SSH Terrapin on CentOS and Rocky Linux

Photo by Ray Hennessy on Unsplash

So a vulnerability in SSH code name Terrapin. https://access.redhat.com/security/cve/cve-2023-48795

So right now Rocky 8 has patches. Unlike Alma Linux they they didn’t get marked as security patches. Normally I get alerted and apply security patches. So I need to update some packages on these machines. I will do that using puppet.

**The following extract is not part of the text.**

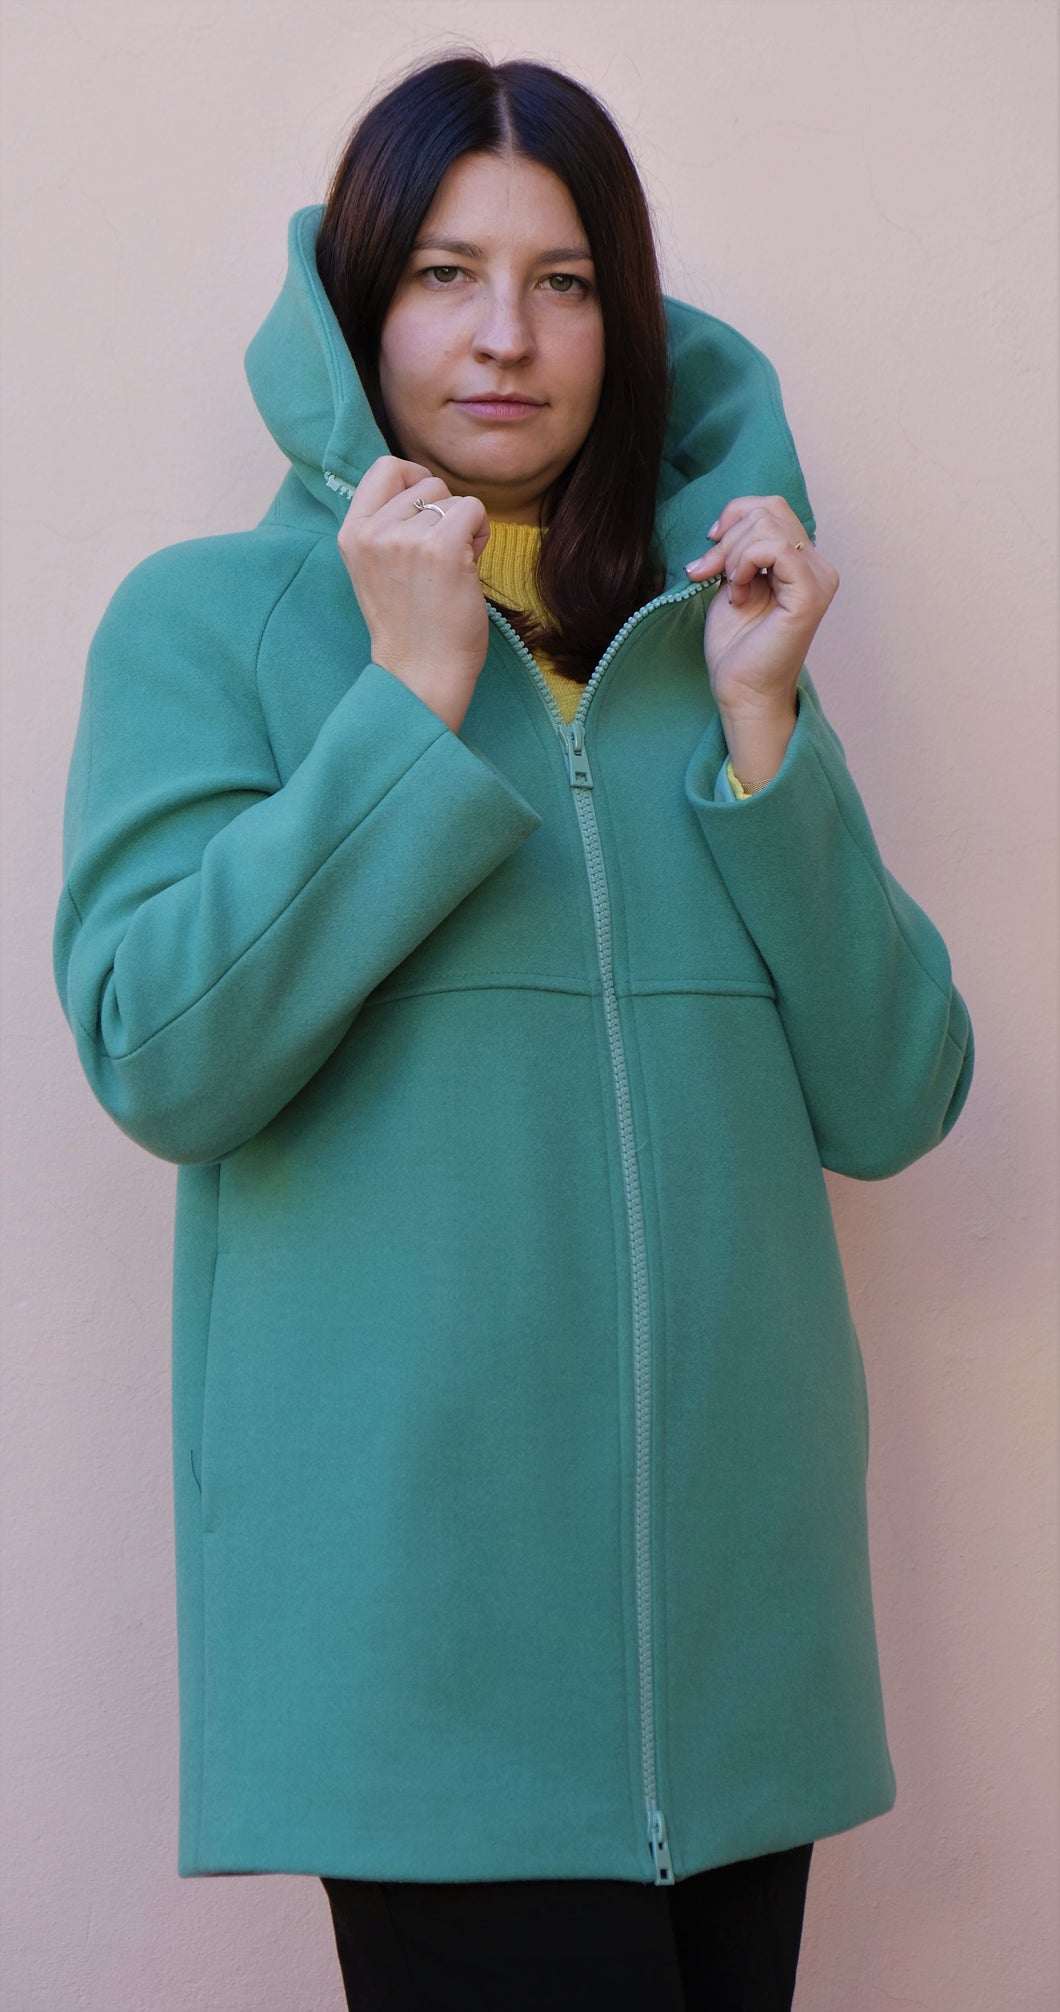 Diana Gallesi - Giaccone di lana, color verde menta, zippato, fodertato

Rocky 9 curiously has not got updated yet, just the mitigation is available. This is dragging on so I might apply this mitigation.

CentOS 7 doesn’t look like it is going to get a fix so I will apply this mitigation with ansible.

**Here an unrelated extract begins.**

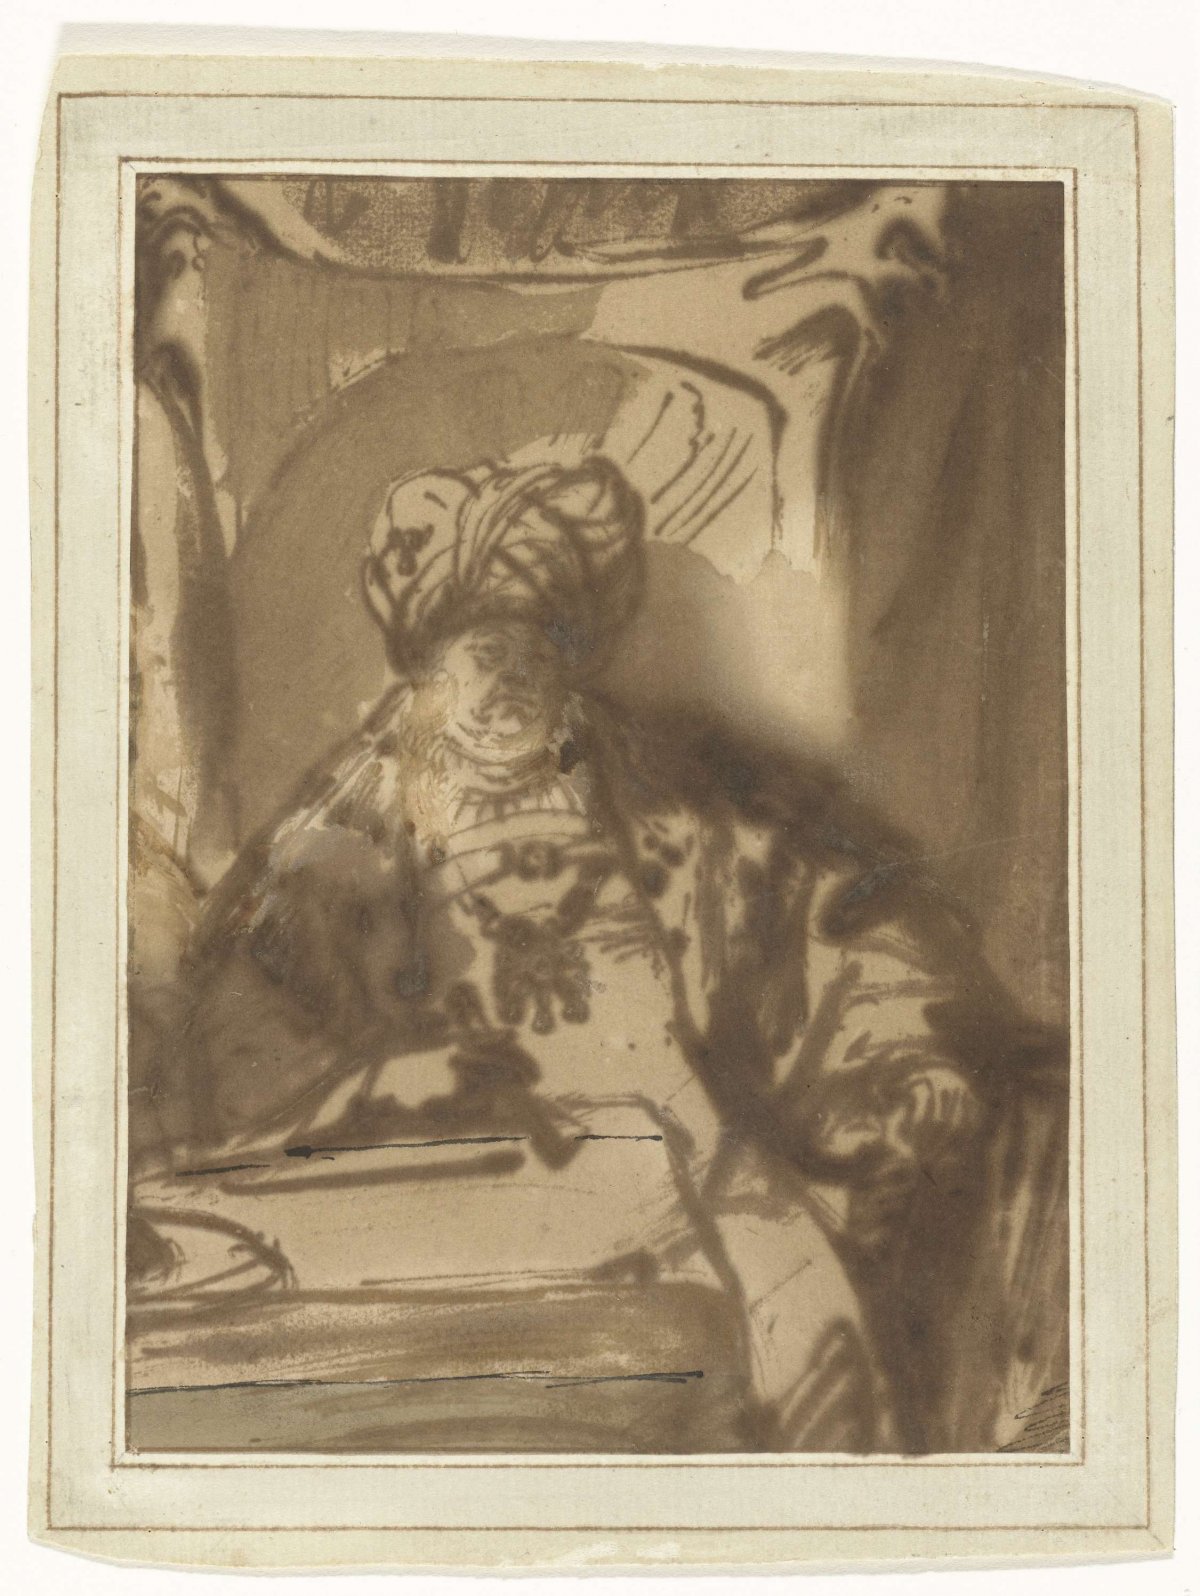 The Actor Willem Bartholsz Ruyter as King Ahasuerus on his Throne, Rembrandt van Rijn, c. 1635 - c. 1640

Rocky 8 Update with Puppet

/usr/local/bin/pdk new module  uhterrapin
cd uhterrapin
/usr/local/bin/pdk new class  uhterrapin
cd manifests/
vi init.pp
cd ..
/usr/local/bin/pdk validate

And in the init.pp file:

class uhterrapin {
  $enhancers = ['openssh', 'openssh-server', 'openssh-clients']
  package { $enhancers:
    ensure => 'latest',
  }
}

So I attach that class to my host groups and it updates those 3 packages. I remove them later.

Rocky 9 Mitigation

cd /etc/crypto-policies/policies/modules
cat  <<! > TERRAPIN.pmod
cipher@ssh = -CHACHA20*
ssh_etm = 0
!
update-crypto-policies --set DEFAULT:TERRAPIN
systemctl restart sshd

CentOS 7 Mitigation by Ansible

- name: "centos7 terrapin"
  hosts: testhost
  become: true
  tasks:

   - name: change the ciphers line in sshd_config
     ansible.builtin.lineinfile:
       path: /etc/ssh/sshd_config
       backup: True
       state: present
       regexp: '^[cC]iphers'
       insertbefore: BOF
       line: 'Ciphers aes128-ctr,aes192-ctr,aes256-ctr,aes128-gcm@openssh.com,aes256-gcm@openssh.com'
     when: ansible_facts['distribution'] == 'CentOS' and ansible_distribution_major_version == '7'                                   


   - name: change the macs line in sshd_config
     ansible.builtin.lineinfile:
       path: /etc/ssh/sshd_config
       backup: True
       state: present
       regexp: '^[mM]acs'
       insertbefore: BOF
       line: 'MACs umac-64@openssh.com,umac-128@openssh.com,hmac-sha2-256,hmac-sha2-512'
     when: ansible_facts['distribution'] == 'CentOS' and ansible_distribution_major_version == '7'                                   


   - name: document this
     ansible.builtin.lineinfile:
       path: /etc/ssh/sshd_config
       backup: True
       state: present
       insertbefore: BOF
       line: '# MACS and Ciphers set for TERRAPIN Centos 7'
     when: ansible_facts['distribution'] == 'CentOS' and ansible_distribution_major_version == '7'                                   


   - name: restart sshd
     ansible.builtin.service:
       service: sshd
       state: restarted

CentOS 7 Mitigation by script

ciphers_line='Ciphers aes128-ctr,aes192-ctr,aes256-ctr,aes128-gcm@openssh.com,aes256-gcm@openssh.com'
if egrep -i "^ciphers" /etc/ssh/sshd_config >/dev/null
then
  sed -i.ciphers "s/^ciphers.*/$ciphers_line/" /etc/ssh/sshd_config
else
  sed -i.ciphers "2i $ciphers_line" /etc/ssh/sshd_config
fi

macs_line='MACs umac-64@openssh.com,umac-128@openssh.com,hmac-sha2-256,hmac-sha2-512'

if egrep -i "^MACs" /etc/ssh/sshd_config >/dev/null
then
  sed -i.macs "s/^MACs.*/$macs_line/" /etc/ssh/sshd_config
else
  sed -i.macs "3i $macs_line" /etc/ssh/sshd_config
fi

So not very exciting but such is my life. But these get marked as Qualys Severity level “4” which is high and quite frankly a little exaggerated. So to please the cyber security team, I have applied this mitigations and patches.